You don’t need to have listened to the podcast to follow along - but if you’re curious, you can check out the recording above. Let’s dive in.

The rise of non-human identities, and why it matters

It wasn’t long ago that “identity management” mainly meant handling human users: employees, customers, admins logging in with usernames and passwords. Today, workload and service identities have taken center stage. Every microservice, container, CI pipeline, serverless function, and IoT device likely needs its own credentials to authenticate and communicate. Kubernetes has had service accounts from day one, and developers have been issuing API keys to services or client credentials to CI jobs for ages - those are all examples of non-human identities.

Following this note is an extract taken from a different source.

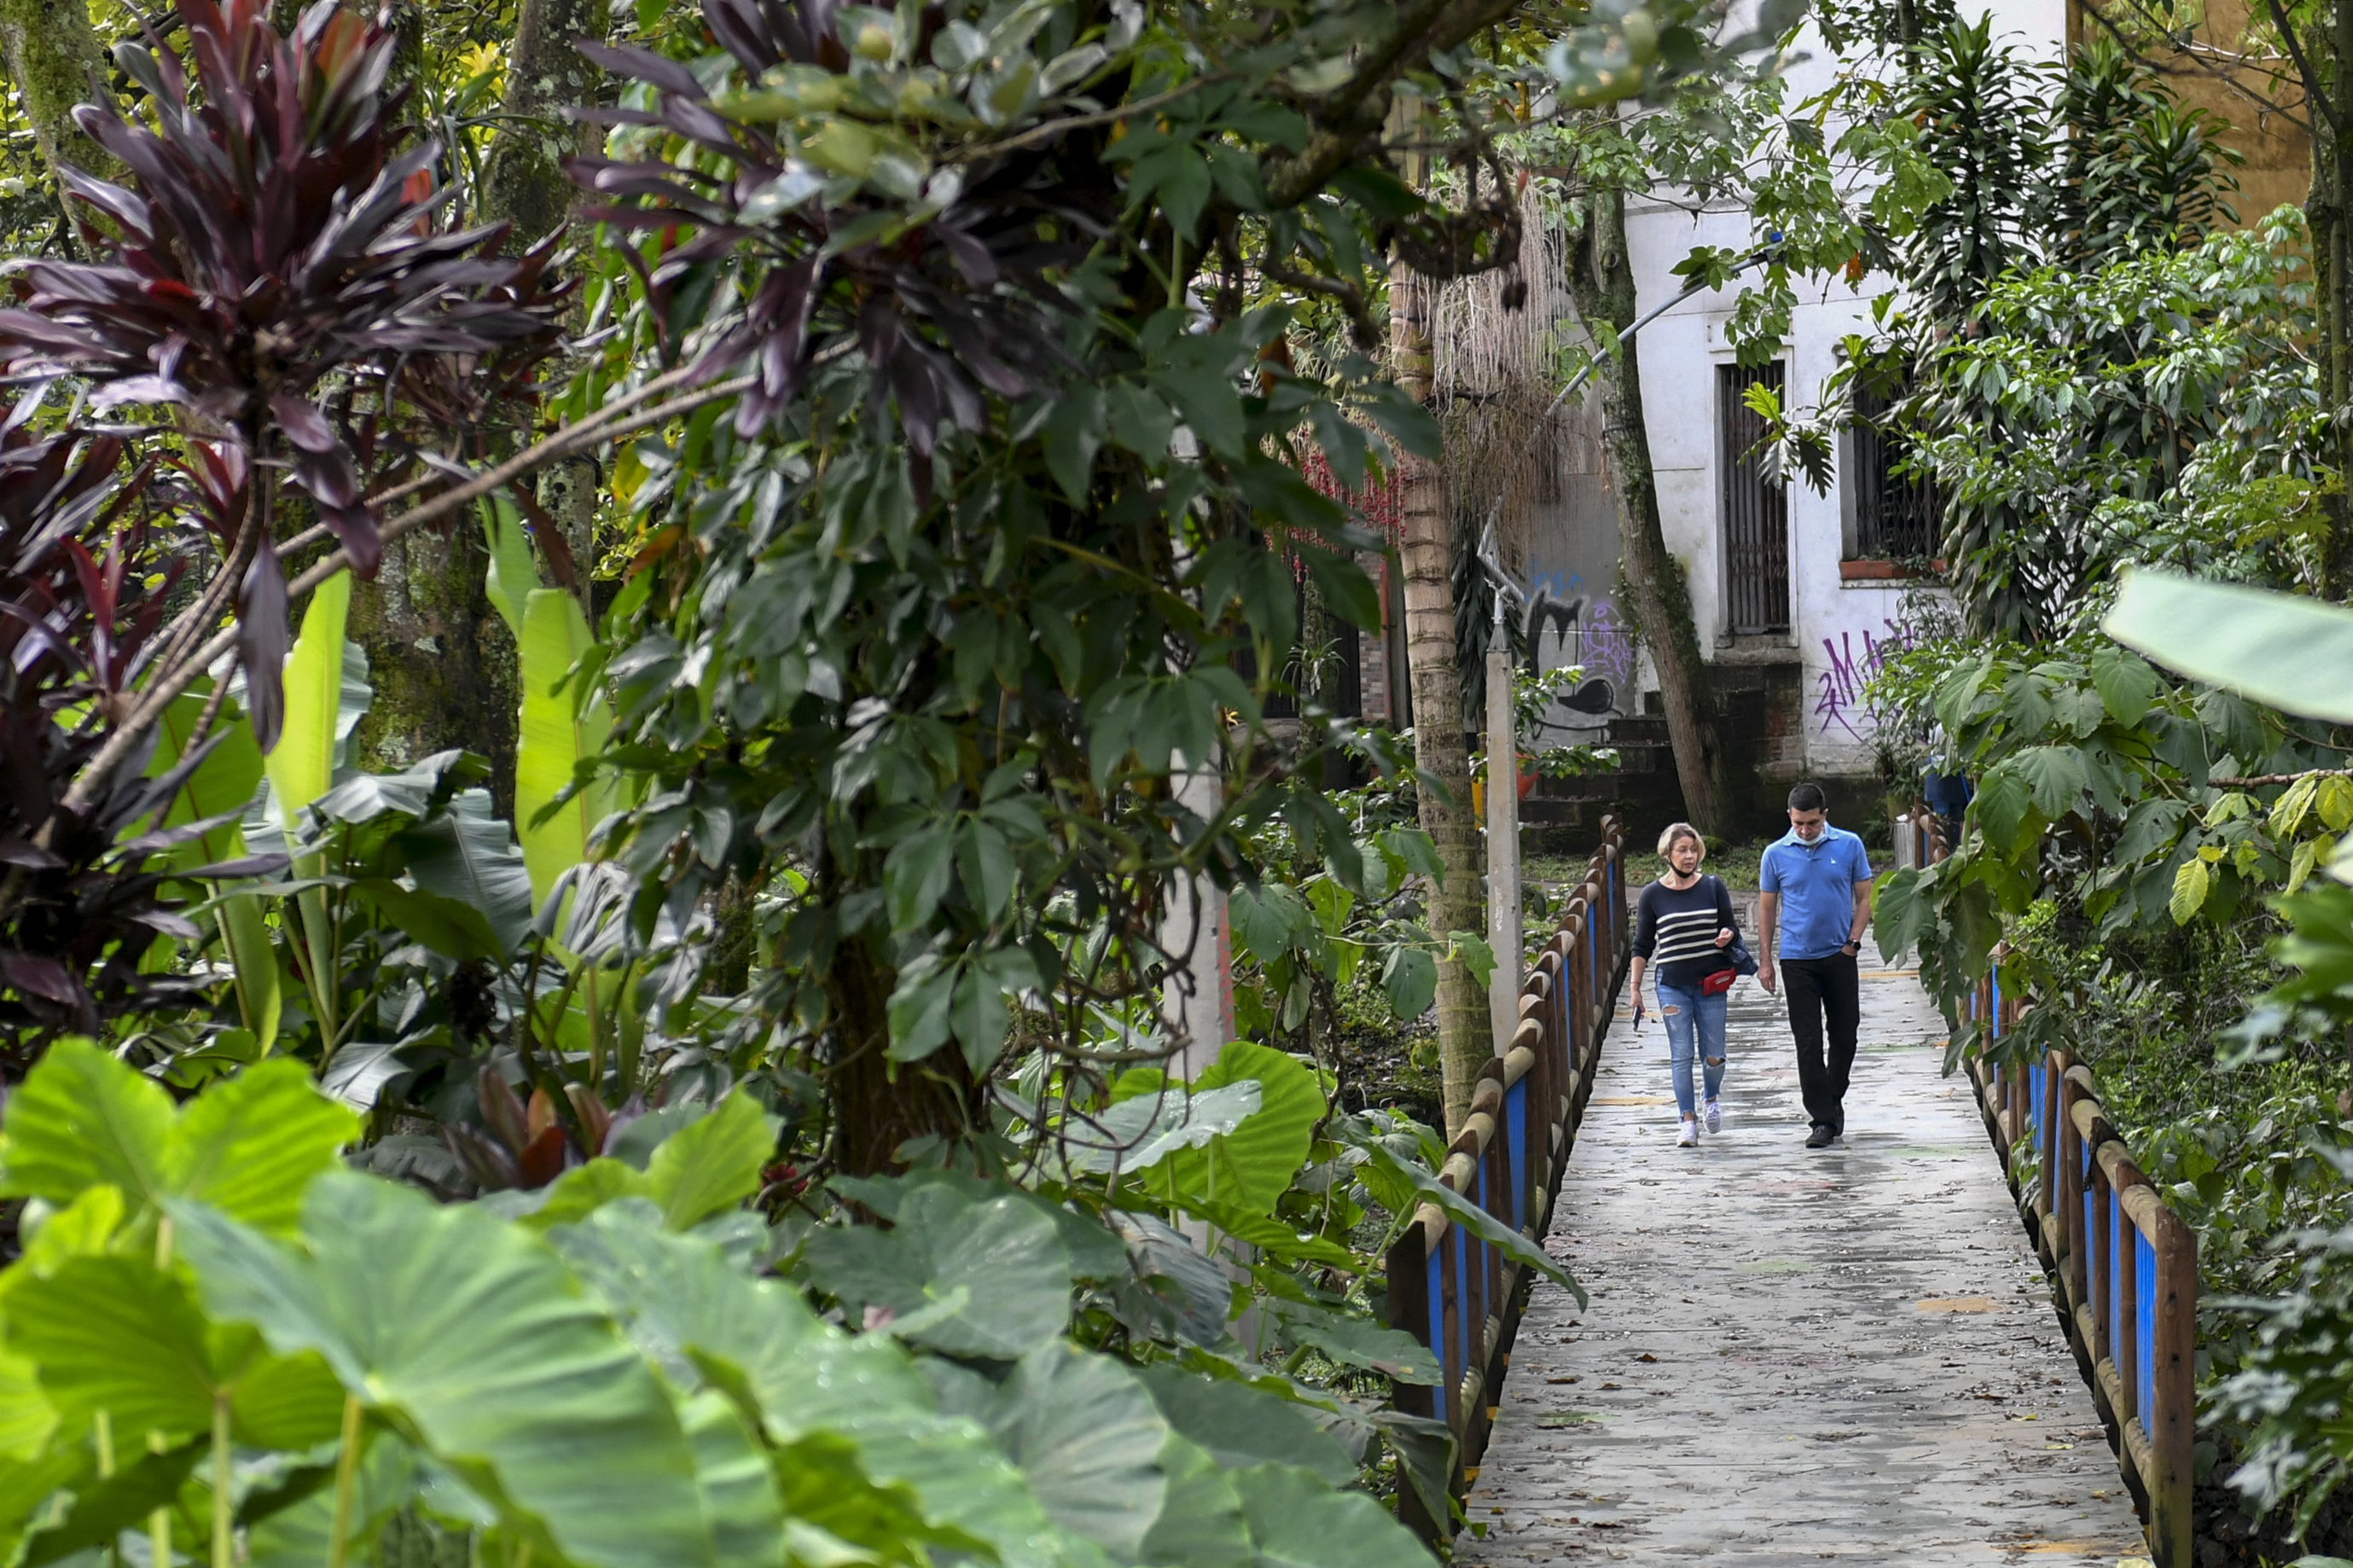 Így lett Medellín a kokain és az erőszak központjából az egész világnak példát mutató zöld okosváros

What’s changed is the sheer scale and dynamism of these identities across a cloud-native architecture.

Think of a modern SaaS application: it might consist of dozens of microservices, each with its own identity; batch jobs and serverless functions spun up on demand; third-party APIs integrations; not to mention emerging AI “agents” acting on a user’s behalf. We’re now dealing with workloads that spin up very ephemerally, perhaps for just a few seconds or minutes, and act on behalf of users or trigger other processes. Each needs an identity while it runs.

This leads to an explosion of service credentials across the environment. In fact, industry reports, from Gartner and others, peg the ratio of machine-to-human identities anywhere from 45:1 to 80:1. Every IoT sensor, every piece of software calling an API, even your pet’s microchip or your car in a connected garage - anything that communicates in a network now requires an identity.

This rise of NHIs matters because each identity is a potential access point. If not properly managed and secured, every API key or service account is a new vector an attacker could exploit. It’s no exaggeration to say NHIs are now one of the fastest-growing attack surfaces in cloud infrastructure. A compromised machine identity can be as damaging as a compromised user account - sometimes even more so, since these accounts often have high privileges or lack oversight. Security teams and architects must account for this growth by implementing controls that cover not just users, but all the non-human actors in their systems.

The lifecycle nightmare of workload credentials

Managing human identities (employees, etc.) usually involves a well-defined lifecycle: onboarding / provisioning an account, managing permissions, and offboarding / revoking access when the person leaves or changes roles.

Non-human identities should follow a similar “joiner-mover-leaver” process, but in practice they often don’t. The challenge is that this lifecycle isn’t being managed for most service identities. Developers might manually create a cloud API key or service account for a new microservice or CI job, stick the credentials in a config or CI secret store, and then forget about it. These credentials tend to be long-lived and persistent, often outliving the service or task they were created for.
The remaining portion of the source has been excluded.